Тем не менее умелое насаждение разногласий среди революционеров, по самой своей природе склонных к фракционности, и манипулирование террористами не позволяло ликвидировать самую серьезную уязвимость царского режима. Коренная проблема самодержавия заключалась не в том, что оно подвергалось политической атаке, и не в принципиальной несовместимости авторитаризма с современностью, а в том, что российское самодержавие сознательно делало ставку на архаичность. Царизм душил ту самую модернизацию, в которой он так отчаянно нуждался и которой он в какой-то степени занимался с целью выдержать конкуренцию с другими великими державами [284].

То, что мы называем модернизацией, не было чем-то естественным или автоматическим. Этот процесс включал насаждение ряда труднодостижимых атрибутов – массового производства, массовой культуры, массовой политики, – которыми обладали величайшие державы. Эти государства, в свою очередь, вынуждали другие страны либо проводить модернизацию, либо страдать от последствий ее отсутствия, включая военные поражения и возможное превращение в колонию. С точки зрения колонизаторов, колонии являлись не только геополитическим активом (в большинстве случаев), но и, по словам одного историка, «разновидностью демонстративного потребления в национальных масштабах» – показателями геополитического статуса или его отсутствия, что влекло за собой агрессивность в отношениях между соперничающими государствами, как могли засвидетельствовать те, на кого она была направлена [285]. Иными словами, модернизация была процессом не социальным – переходом от «традиционного» к «современному» обществу, – а геополитическим: речь шла о том, чтобы или любой ценой войти в круг великих держав, или пасть их жертвой [286].

В связи с этим можно упомянуть разработку методов производства стали (1850-е годы), прочного и упругого сплава железа с углеродом, вызвавшей революцию в оружейном деле и преобразовавшей судоходство, тем самым создав условия для возникновения глобальной экономики. Сталь нашла широкое применение, в частности, благодаря изобретению электромотора (1880-е годы), сделавшего возможным массовое производство: стандартизацию главных свойств товаров, разделение труда на сборочных линиях, замену ручного труда машинным и реорганизацию производственных процессов [287]. Благодаря этим новым способам организации производства выплавка стали выросла с полумиллиона тонн в 1870 году до 28 миллиона тонн в 1900 году.
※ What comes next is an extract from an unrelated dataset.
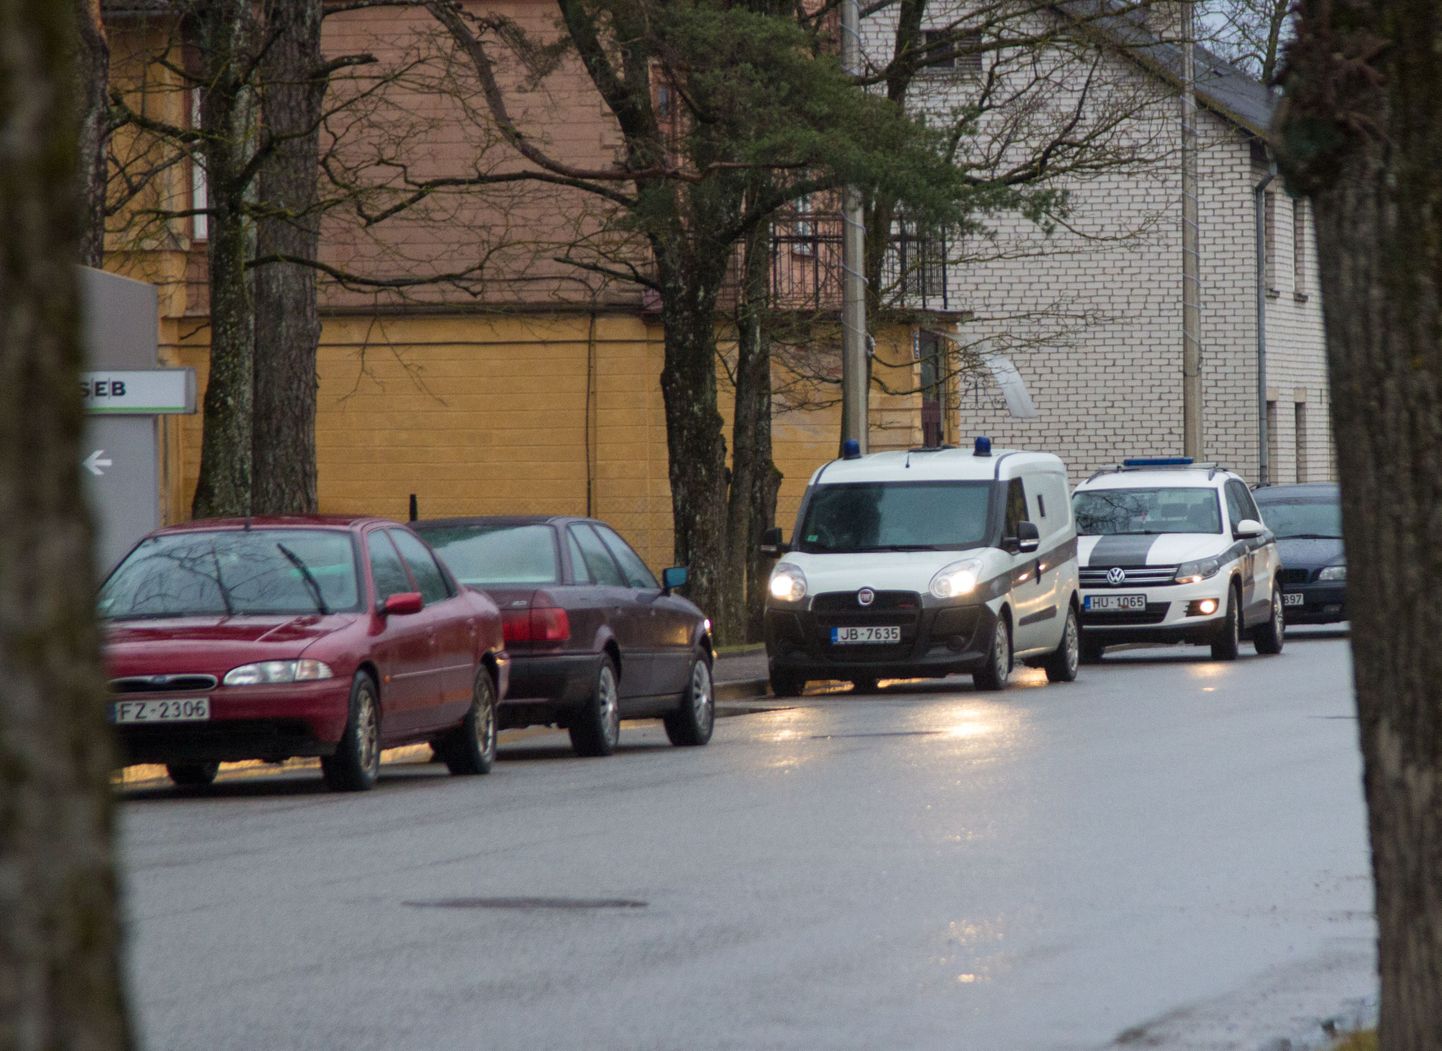 Esmaspäeval võis näha Lätis SEB Valka kontori ees mitme politseiautoga eskorditud sularahaveokit, mille ekipaaž relvastatud saatjate toel hoones asuva sularahaautomaadi juures tegutses. Tegemist oli ettevalmistustega eurole üleminekuks.
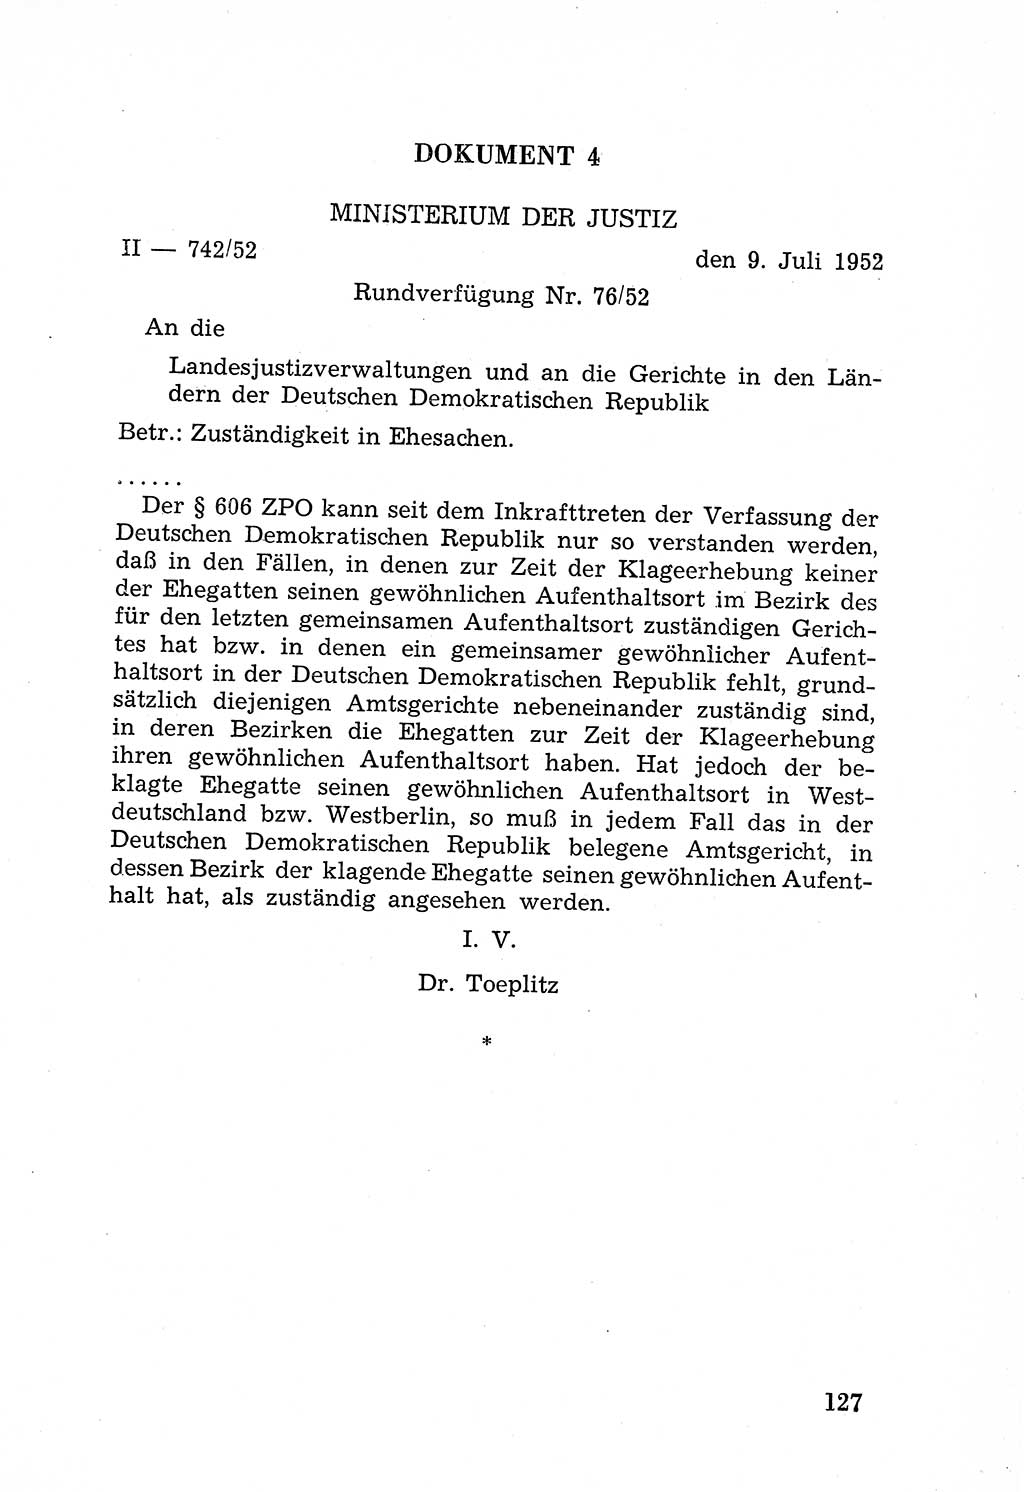 Rechtsstaat in zweierlei Hinsicht, Untersuchungsausschuß freiheitlicher Juristen (UfJ) [Bundesrepublik Deutschland (BRD)] 1956, Seite 127 (R.-St. UfJ BRD 1956, S. 127)

Однако 10 миллионов тонн приходилось на США, 8 миллионов – на Германию и 5 миллионов – на Великобританию, то есть почти вся сталь выплавлялась в этих нескольких странах. К этой картине можно добавить производство важнейших промышленных химикалий: искусственных удобрений, необходимых для повышения урожайности, хлора, применяемого как отбеливатель при обработке хлопка, и взрывчатки (нитроглицериновый динамит Альфреда Нобеля, 1866), использовавшейся в горном деле, при строительстве железных дорог и как орудие убийства. По мере того как некоторые страны успешно развивали современную промышленность, мир начал делиться на преуспевающие индустриальные страны (Западная Европа, Северная Америка, Япония) и обделенных поставщиков сырья (Африка, Южная Америка, большая часть Азии).

В число атрибутов современного конкурентоспособного государства также входили кредитно-финансовые учреждения, стабильная валюта и акционерные компании [288]. Однако во многих отношениях новая мировая экономика опиралась на труд крестьян в тропиках, поставлявших первичную продукцию (сырье), в которой нуждались промышленно развитые страны, и, в свою очередь, потреблявших значительную часть товаров, произведенных из их сырья. Коммерциализация вызвала переход от натурального к специализированному хозяйству – например, в Китае обширные земли, прежде использовавшиеся для натурального хозяйства, были заняты посевами хлопка для английских хлопкопрядильных фабрик, – что приводило к распространению рынков, позволявших добиться резкого прироста производства. Но это происходило в ущерб выращиванию прочих культур (дополнявших рацион крестьян) и сетям взаимных социальных связей (обеспечивающих выживание), вследствие чего рынки подрывали традиционные способы борьбы с периодическими засухами, носившими хронический характер. Воздушные потоки, порождаемые Эль-Ниньо (периодическим потеплением Тихого океана), разносят тепло и влагу во многие уголки мира, вызывая нестабильность климата и такие явления, вредящие сельскому хозяйству, как ливни, наводнения, оползни и лесные пожары, а также сильнейшие засухи. Итогом стали три волны голода и болезней (1876–1879, 1889–1891, 1896–1900), погубившие от 30 до 60 миллионов жизней в Китае, Бразилии и Индии. В одной только Индии от голода умерло 15 миллионов человек, что составляло половину населения Англии на тот момент. Подобных опустошений не было со времен «черной смерти», свирепствовавшей в XIV веке, и гибели коренных народов Нового света от болезней в XVI веке. Если бы такая массовая гибель населения – равнозначная голоду в Ирландии, умноженному на тридцать, – произошла в Европе, то она стала бы считаться ключевым моментом всемирной истории. Помимо воздействия коммерциализации и климата, свою роль сыграли прочие факторы: например, после того как в США лопнул железнодорожный «пузырь», произошло резкое сокращение спроса на важнейшие виды продукции тропических стран. Но в первую очередь колониальные власти усугубляли неопределенность, создаваемую рынком и климатом, неумелым и расистским правлением [289]. В 1889 году лишь в Эфиопии существовала проблема абсолютной нехватки продовольствия, а то, о чем идет речь, представляло собой не «естественный», а рукотворный голод, являвшийся следствием того, что мир был подчинен великим державам.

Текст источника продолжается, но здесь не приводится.